## [Exercise prompt]
What you give back from the listing below should be an exact copy of the lines from the one with "An exceptional antique" down to the one with "Measures: 42", and it should contain no pictures.

## [Supplied information]
▬▬▬

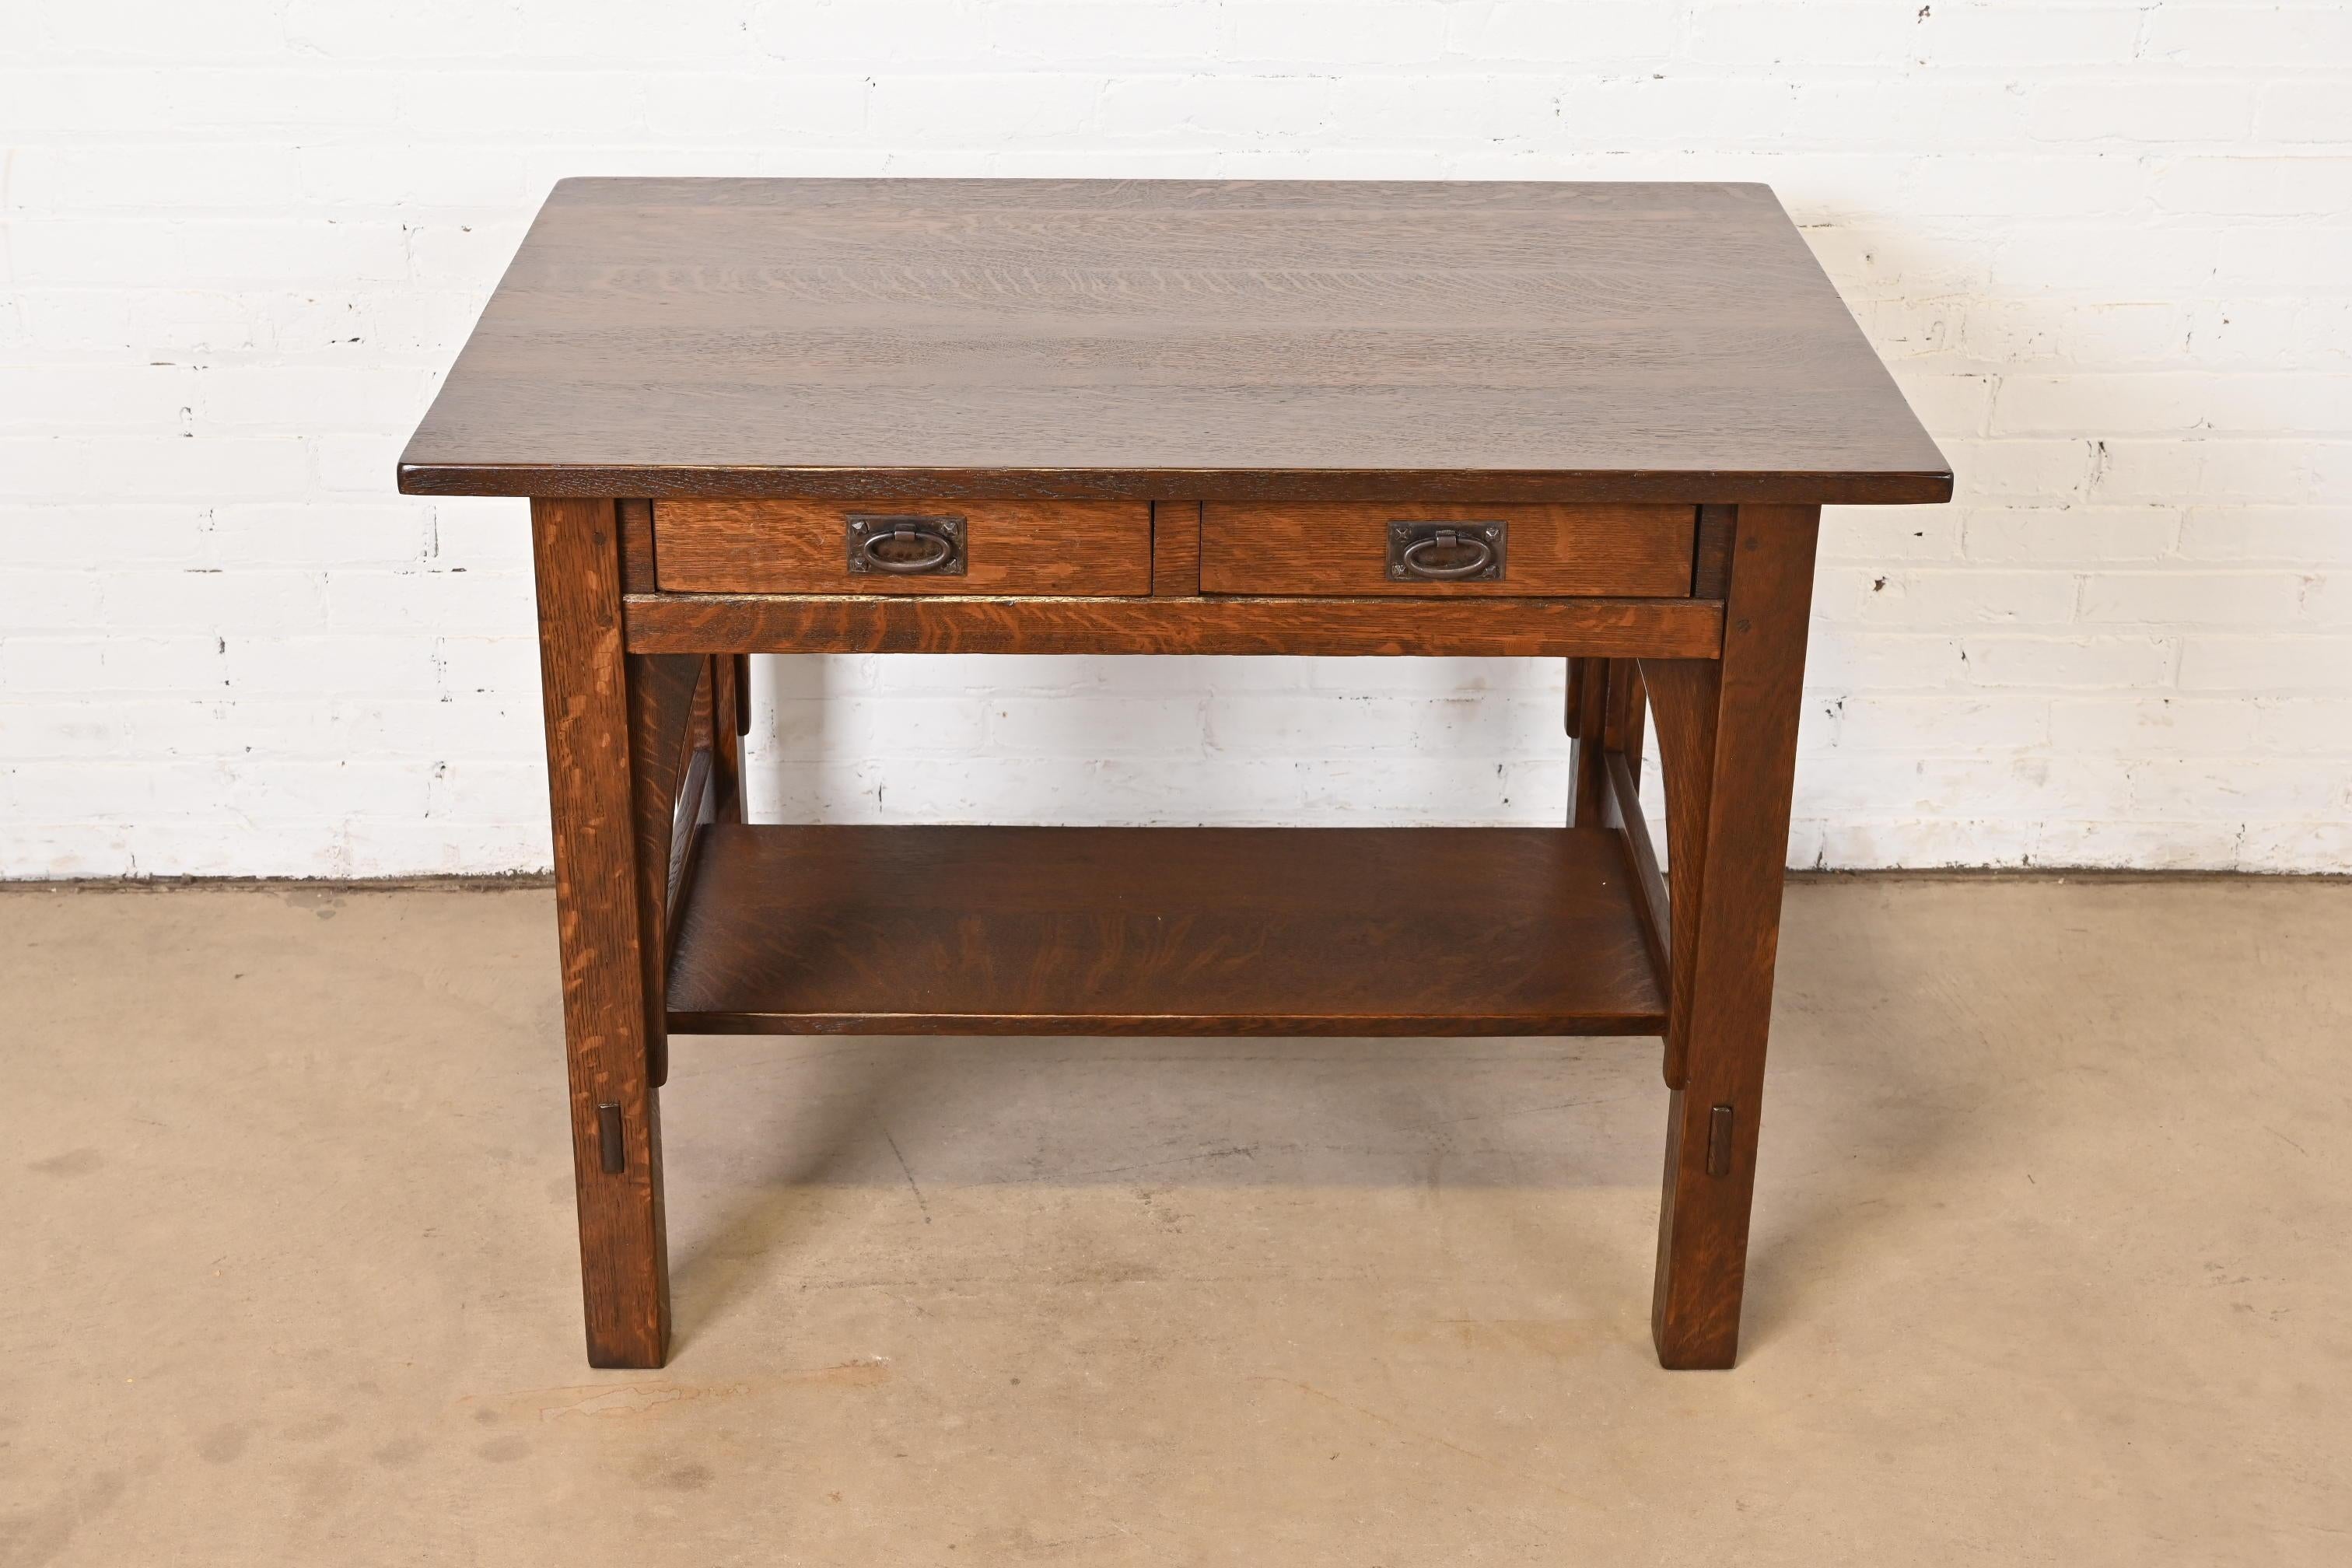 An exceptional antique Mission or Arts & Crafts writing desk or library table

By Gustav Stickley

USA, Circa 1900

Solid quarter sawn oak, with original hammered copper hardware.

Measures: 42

▬▬▬

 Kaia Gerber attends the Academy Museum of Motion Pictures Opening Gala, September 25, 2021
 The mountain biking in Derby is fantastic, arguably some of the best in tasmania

▬▬▬

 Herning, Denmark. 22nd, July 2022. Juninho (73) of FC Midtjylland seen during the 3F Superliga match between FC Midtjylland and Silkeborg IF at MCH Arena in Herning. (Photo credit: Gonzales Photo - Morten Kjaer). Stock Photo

▬▬▬

## [Your response]
 An exceptional antique Mission or Arts & Crafts writing desk or library table

By Gustav Stickley

USA, Circa 1900

Solid quarter sawn oak, with original hammered copper hardware.

Measures: 42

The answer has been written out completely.